Aim of the task:
The expected result is the full listing, retyped exactly, without a single picture.

Data excerpt:
━━━━
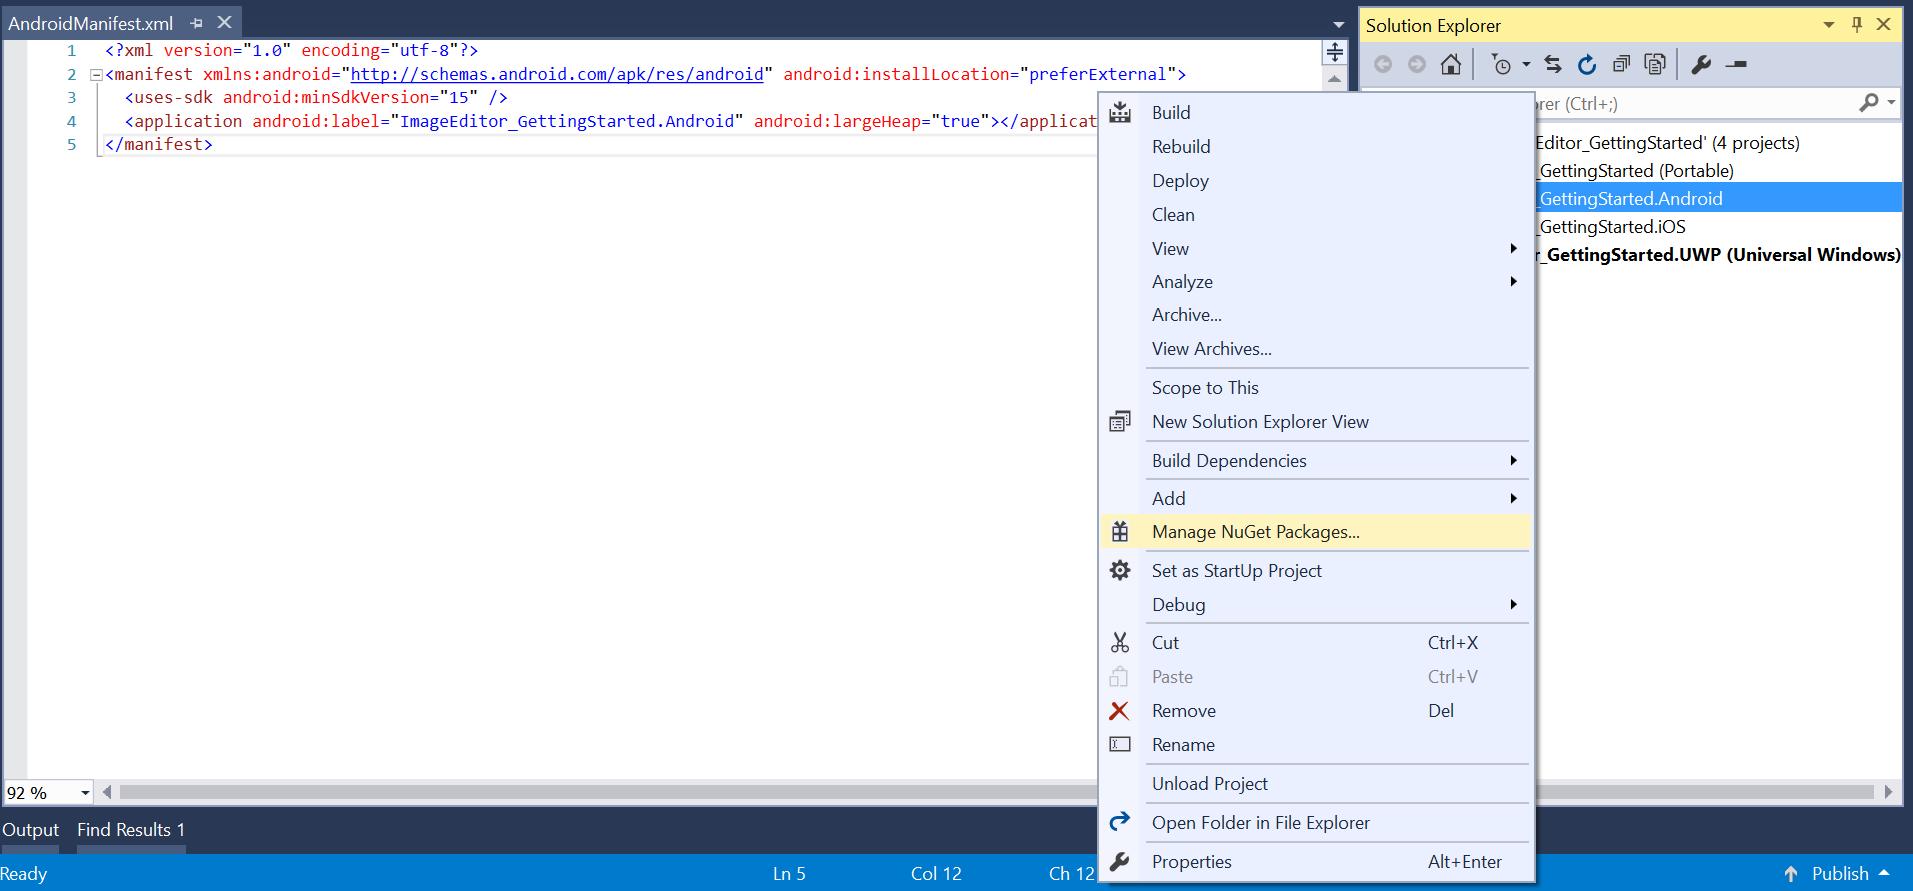 C:\Users\samkumar.arivazhagan\AppData\Local\Microsoft\Windows\INetCache\Content.Word\Manifest.png
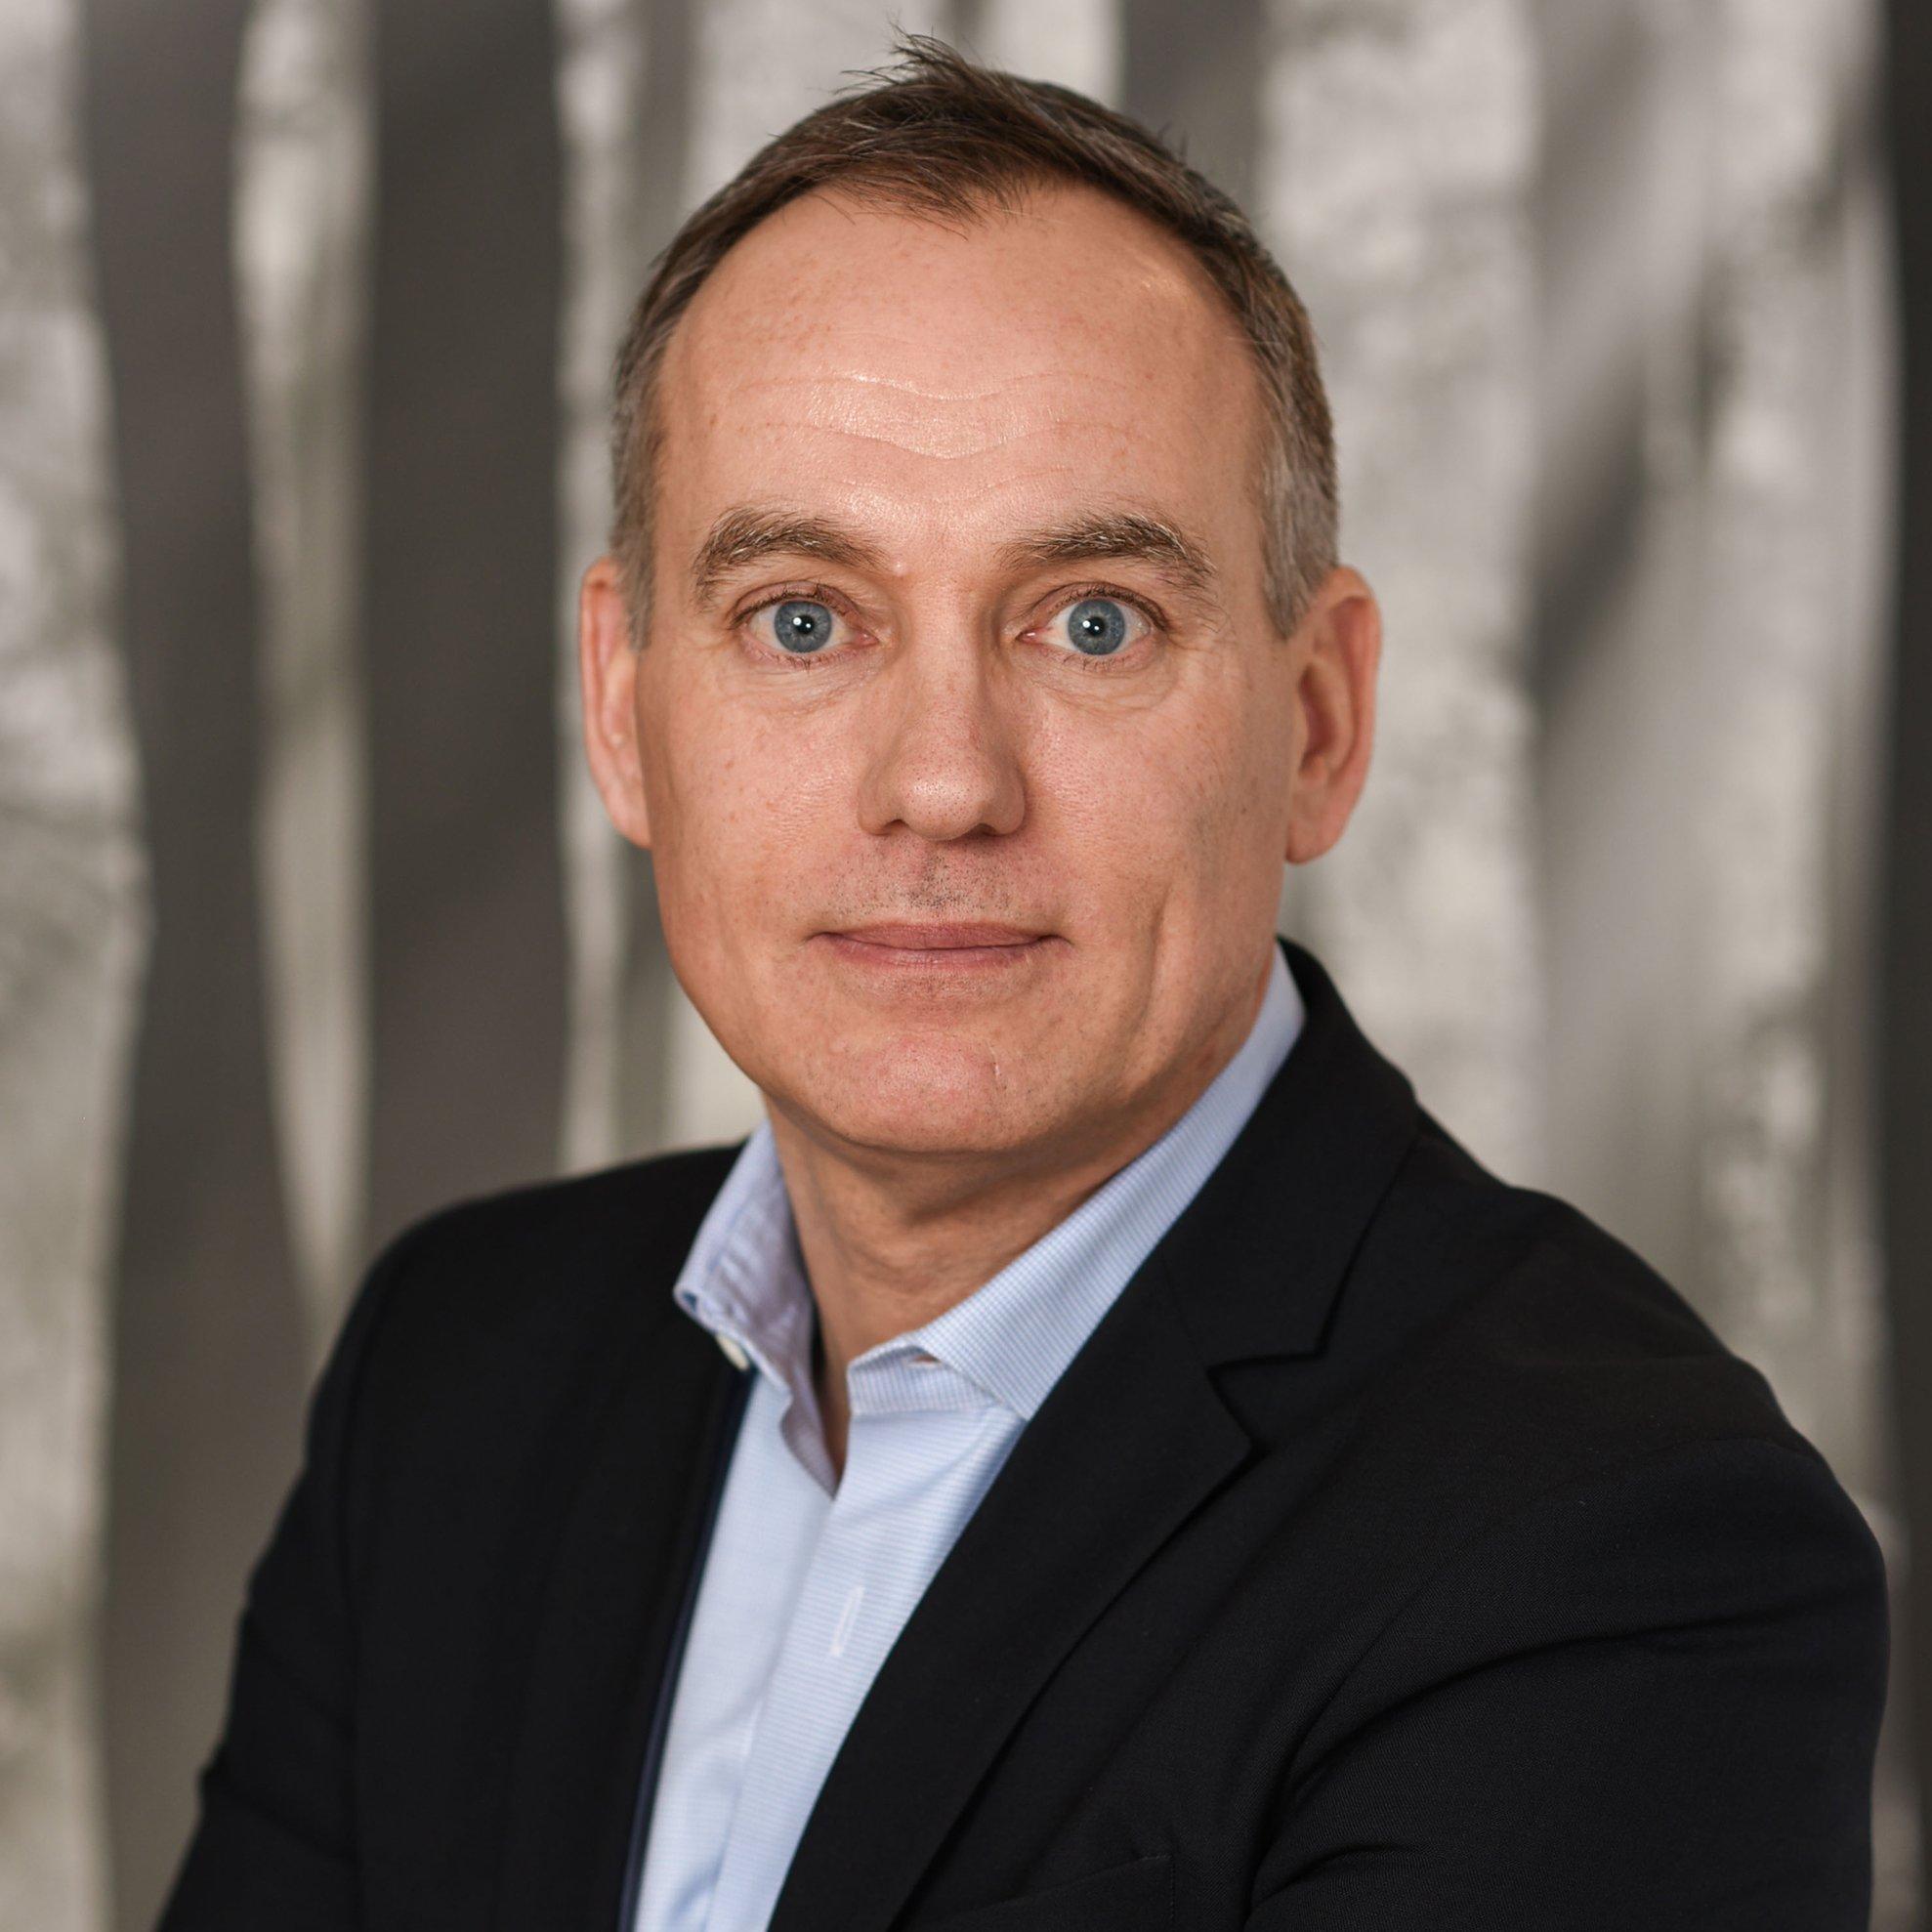 Jonas Hasselberg
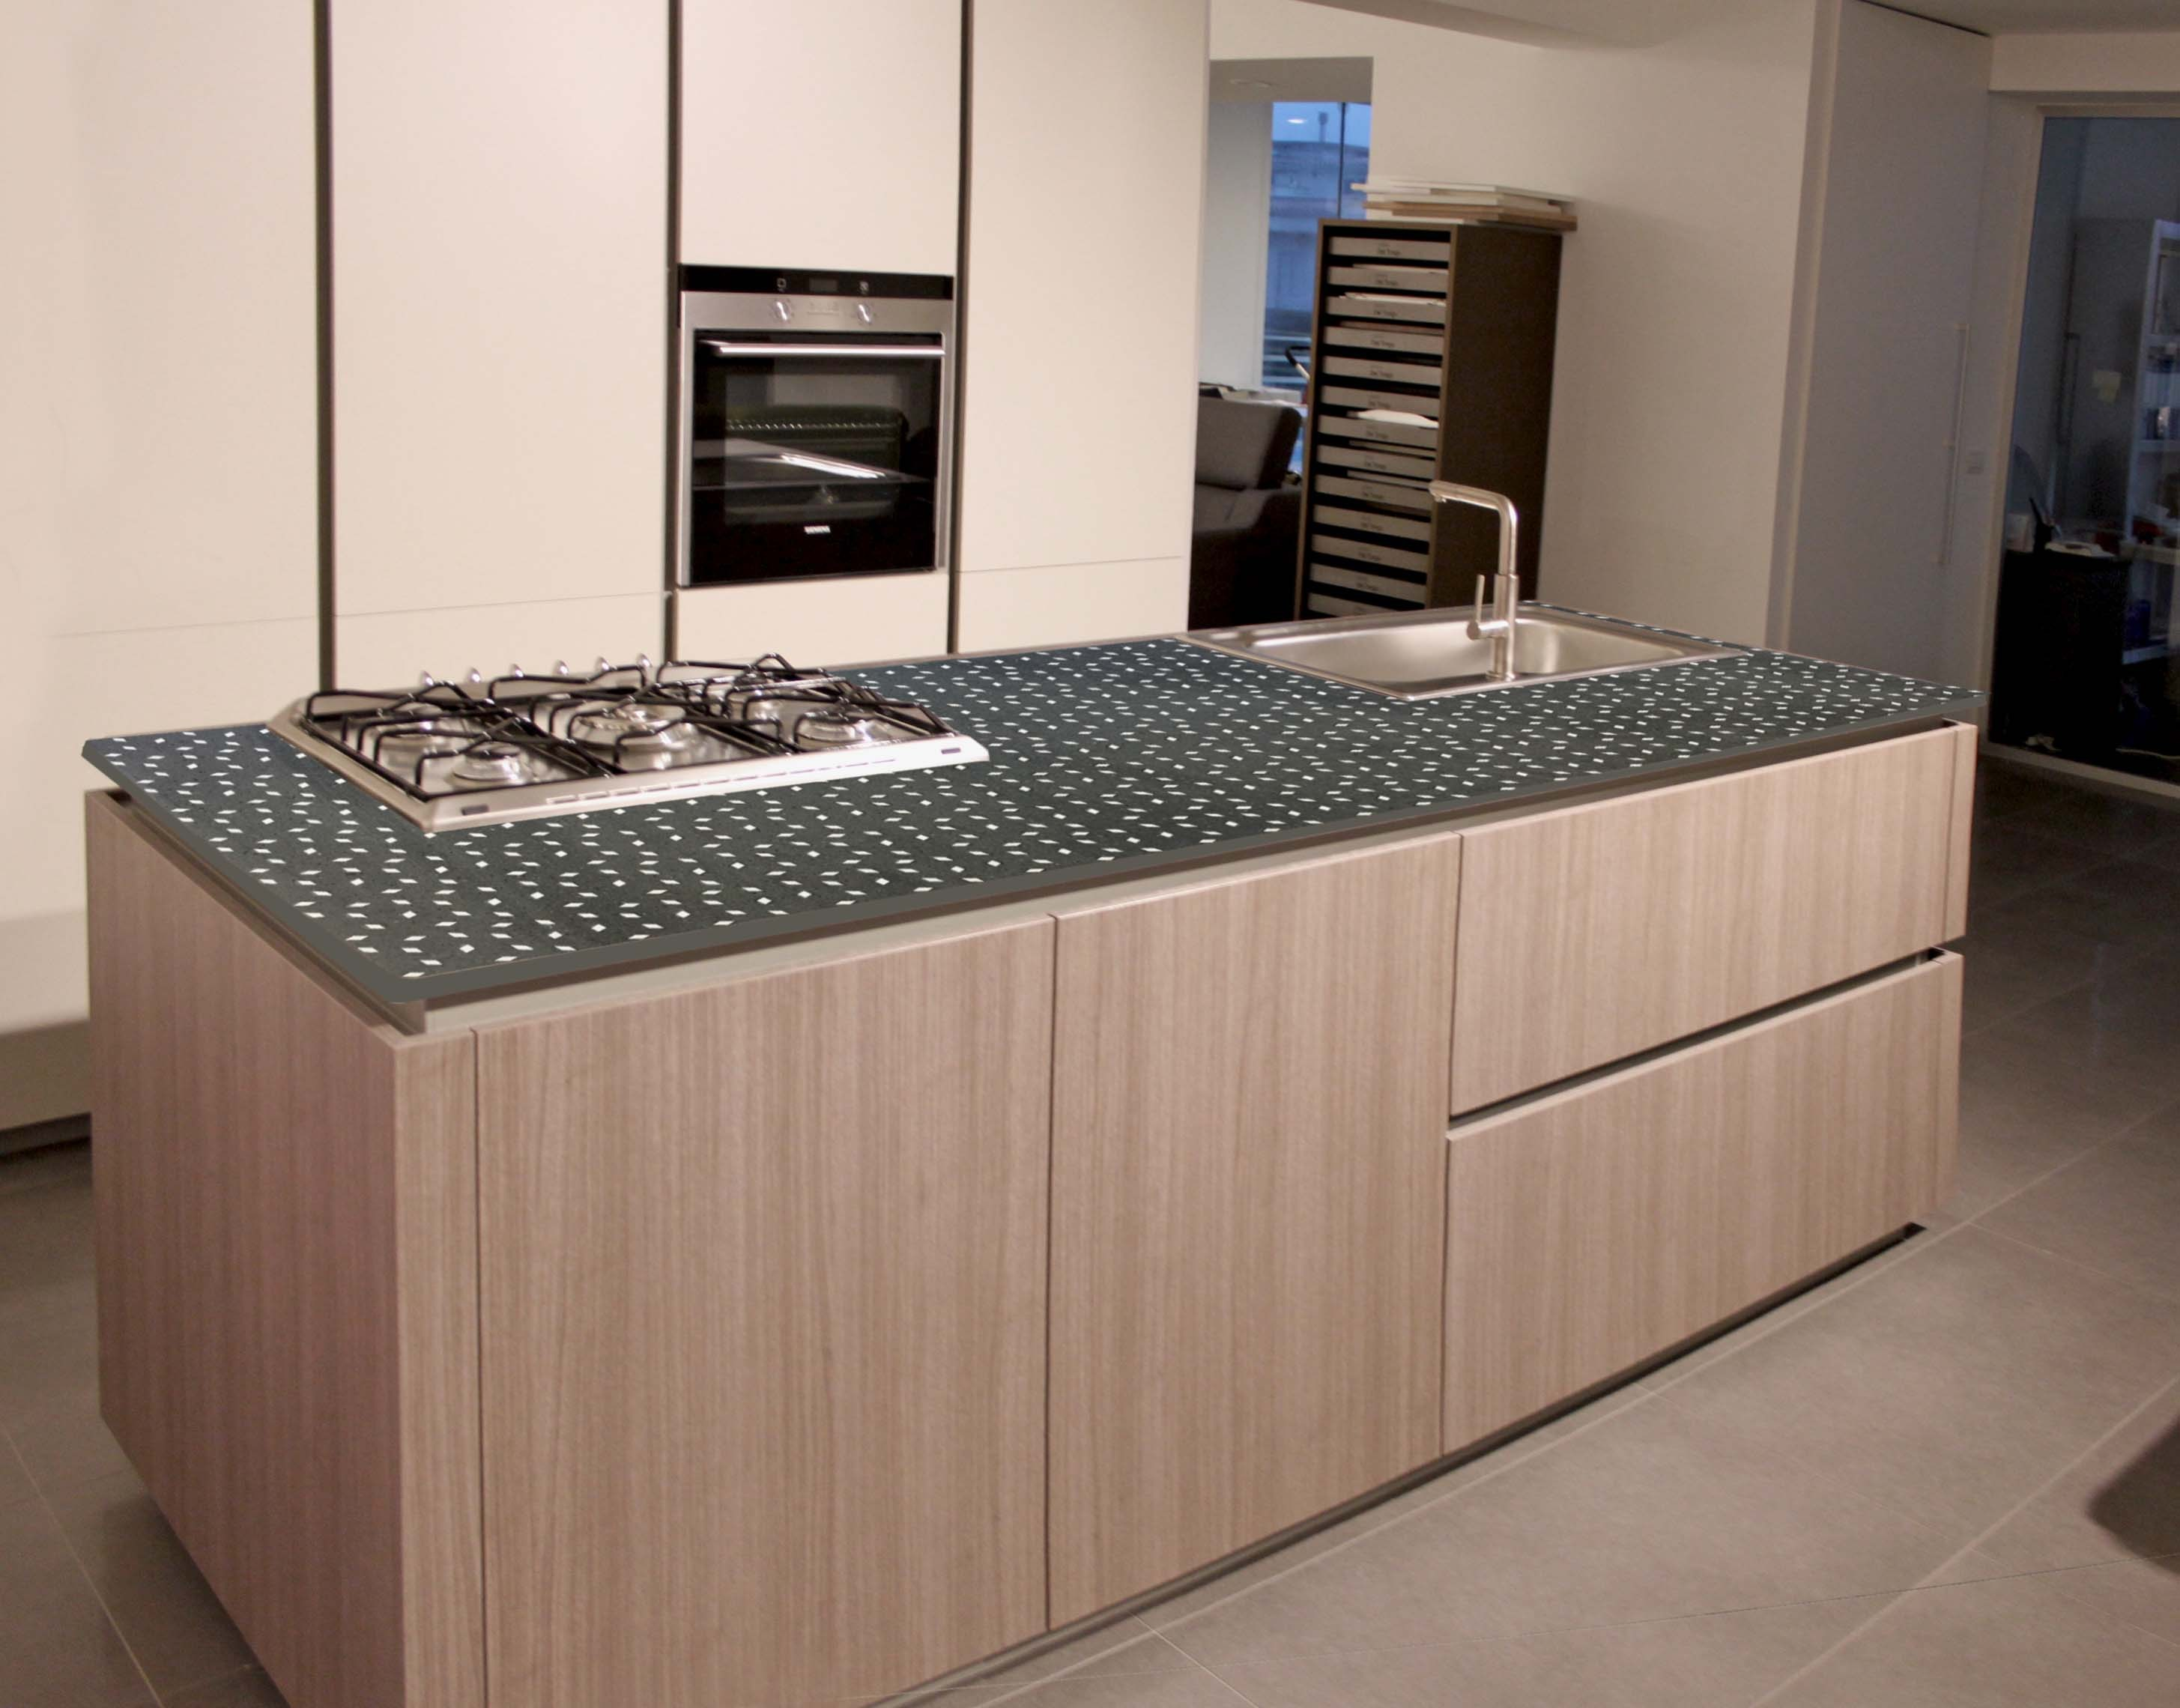 Top cucina in pietra lavica By Sgarlata
━━━━
Output for this task:
 C:\Users\samkumar.arivazhagan\AppData\Local\Microsoft\Windows\INetCache\Content.Word\Manifest.png
 Jonas Hasselberg
 Top cucina in pietra lavica By Sgarlata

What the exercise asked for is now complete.